SECURITIES AND EXCHANGE COMMISSION

WASHINGTON, D.C. 20549

 

FORM 8-K

 

CURRENT REPORT

 

Pursuant to Section 13 or 15(d) of the Securities Exchange Act of 1934

 

Date of Report (date of earliest event reported): July 31, 2023

 

NOCERA, INC.

(Exact name of registrant as specified in charter)

 

Nevada   001-41434   16-1626611

(State or other jurisdiction

of incorporation)

 

(Commission

File Number)

 

(IRS Employer

Identification No.)

 

3F (Building B), No. 185, Sec. 1, Datong Rd., Xizhi Dist., New Taipei City Taiwan 221, ROC

(Address of principal executive offices and zip code)

 

(886) 910-163-358

(Registrant’s telephone number, including area code)

 

N/A

(Former name or former address, if changed since last report)

 

Check the appropriate box below if the Form 8-K filing is intended to simultaneously satisfy the filing obligation of registrant under any of the following provisions:

 

Written communications pursuant to Rule 425 under the Securities Act (17 CFR 230.425)

 

Soliciting material pursuant to Rule 14a-12 under the Exchange Act (17 CFR 240.14a-12)

 

Pre-commencement communications pursuant to Rule 14d-2(b) under the Exchange Act (17 CFR 240.14d-2(b))

 

Pre-commencement communications pursuant to Rule 13e-4(c) under the Exchange Act (17 CFR 240.13e-4(c))

 

Securities registered pursuant to Section 12(b) of the Act: None 

 

Title of each class Trading Symbol Name of each exchange on which registered
Common Stock, par value $0.001 per share NCRA The Nasdaq Stock Market LLC

 

Indicate by check mark whether the registrant is an emerging growth company as defined in Rule 405 of the Securities Act of 1933 (§230.405 of this chapter) or Rule 12b-2 of the Securities Exchange Act of 1934 (§240.12b-2 of this chapter)

 

Emerging growth company

 

If an emerging growth company, indicate by check mark if the registrant has elected not to use the extended transition period for complying with any new or revised financial accounting standards provided pursuant to Section 13(a) of the Exchange Act. 

 

 

 

  

 

 

Item 5.02 Departure of Directors or Certain Officers; Election of Directors; Appointment of Certain Officers; Compensatory Arrangements of Certain Officers.

 

(c) On July 31, 2023, the Board appointed Andy Ching-An Jin as the Company’s Chief Executive Officer, effective July 31, 2023.

 

Andy Ching-An Jin, age 42, is an executive with diversified experience in global business operations, investments, marketing and branding.
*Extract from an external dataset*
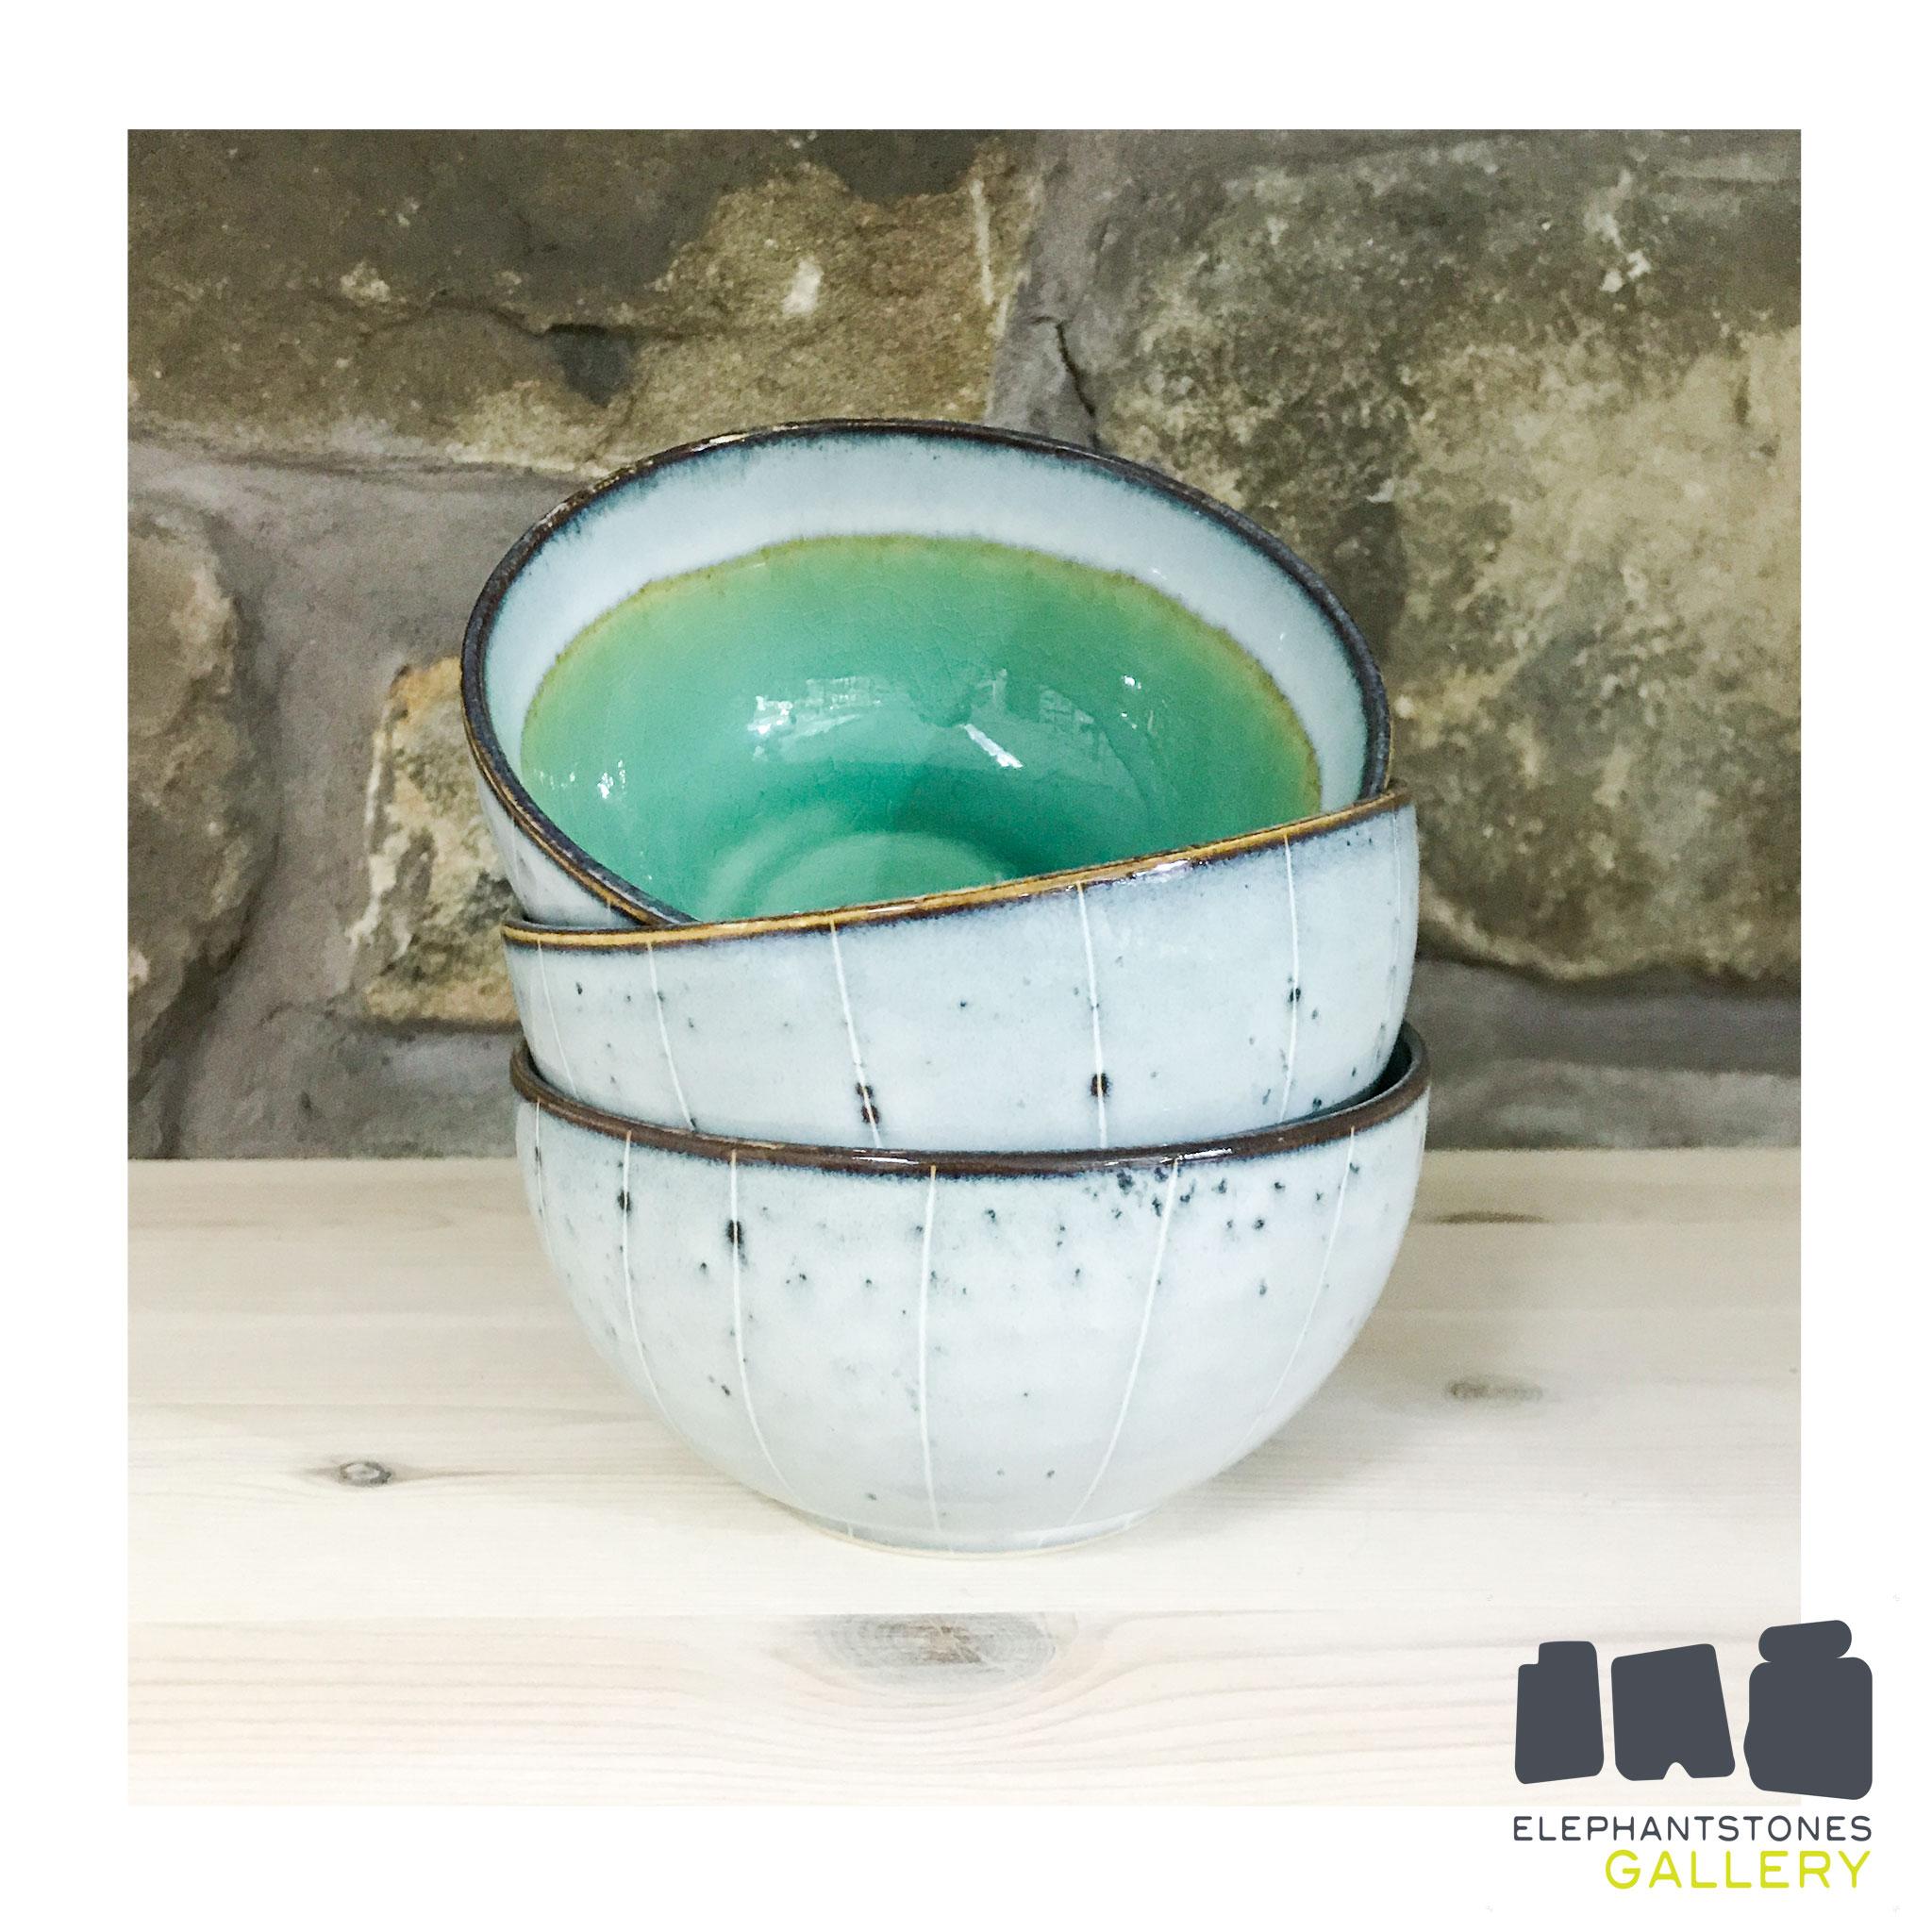 Elephantstones_bowls.jpg

Most recently, he was an Investment Director at Fotex Holding from November 2018 until June 2023, where he executed and drove U.S. investments, strategic projects, portfolio management and business operations. Prior to that role, Mr. Jin served as Partner at Bloemengroothandel B.J. Duyvenvoorde & Zn B.V. from September 2017 until October 2018, where he managed all day-to-day operations, sales, developments and investments for an import floriculture company, sold subscription services to online boutiques and managed all major wholesale floriculture market operations in China. In addition, Mr. Jin served as Executive Vice President and Managing Director of Dagong Global Credit Rating Group from December 2015 until August 2017, where he oversaw the group’s international business development and investments into overseas markets and was also responsible for overseas offices located in Hong Kong, Italy and Germany. He attended the State University of New York at Stony Brook attaining a Bachelor of Arts in political science and Tsinghua University earning a Master of Business Administration.

 

Andy Ching-An Jin and the Company entered into an Employment Agreement dated as of July 31, 2023 (the “Jin Employment Agreement”). The term of the Jin Employment Agreement is for 2 years and at the end of such term, is automatically renewable on a month-to-month basis unless either party provides notice to terminate to the other within 30 days of the end of the term. During the term and one year after the end of the term, Mr. Jin shall not solicit any person employed or engaged by the Company. Mr. Jin’s employment may be terminated by the Company immediately upon the occurrence of the following events: (i) the commission of any act by Mr. Jin which, if prosecuted, would constitute a felony; (ii) any material act or omission involving malfeasance or negligence in the performance of employment duties which has a materially adverse effect on the Company and which has not been corrected in 30 days after written notice from the Company; (iii) failure or refusal by Mr. Jin to comply with the policies of the Company contained in any Company handbook or with the provisions of the Jin Employment Agreement if not cured within 10 days after the receipt of written notice from the Board; (iv) Mr. Jin’s prolonged absence without the consent of the Company; (v) Mr. Jin’s gross neglect of his duties or willful insubordination to the Board or his superior officers; (vi) the death of Mr. Jin; or (vii) delivery of written notice of termination by the Company after Mr. Jin has become unable to perform his services by reason of illness or incapacity, which illness or incapacity results in Mr. Jin’s failure to discharge his duties under the Jin Employment Agreement for an aggregate total of 60 days (whether consecutive or nonconsecutive) during any 180 day period. The Company pays Mr. Jin $36,000 per year and issued Mr. Jin a total of 240,000 shares of restricted stock, of which 60,000 shares shall vest at the end of every three months for a period of one year starting from July 31, 2023, with 60,000 shares to initially vest on October 31, 2023.

 

The foregoing summary of the Employment Agreement does not purport to be complete and is subject to, and qualified in its entirety by, such document attached as Exhibit 10.1 to this Current Report on Form 8-K, which is incorporated herein by reference.  

 

Exhibit   Description
     
10.1   Executive Employment Agreement dated as of July 31, 2023, by and between Nocera, Inc. and Andy Jin
104   Cover Page Interactive Data File (embedded within the Inline XBRL document)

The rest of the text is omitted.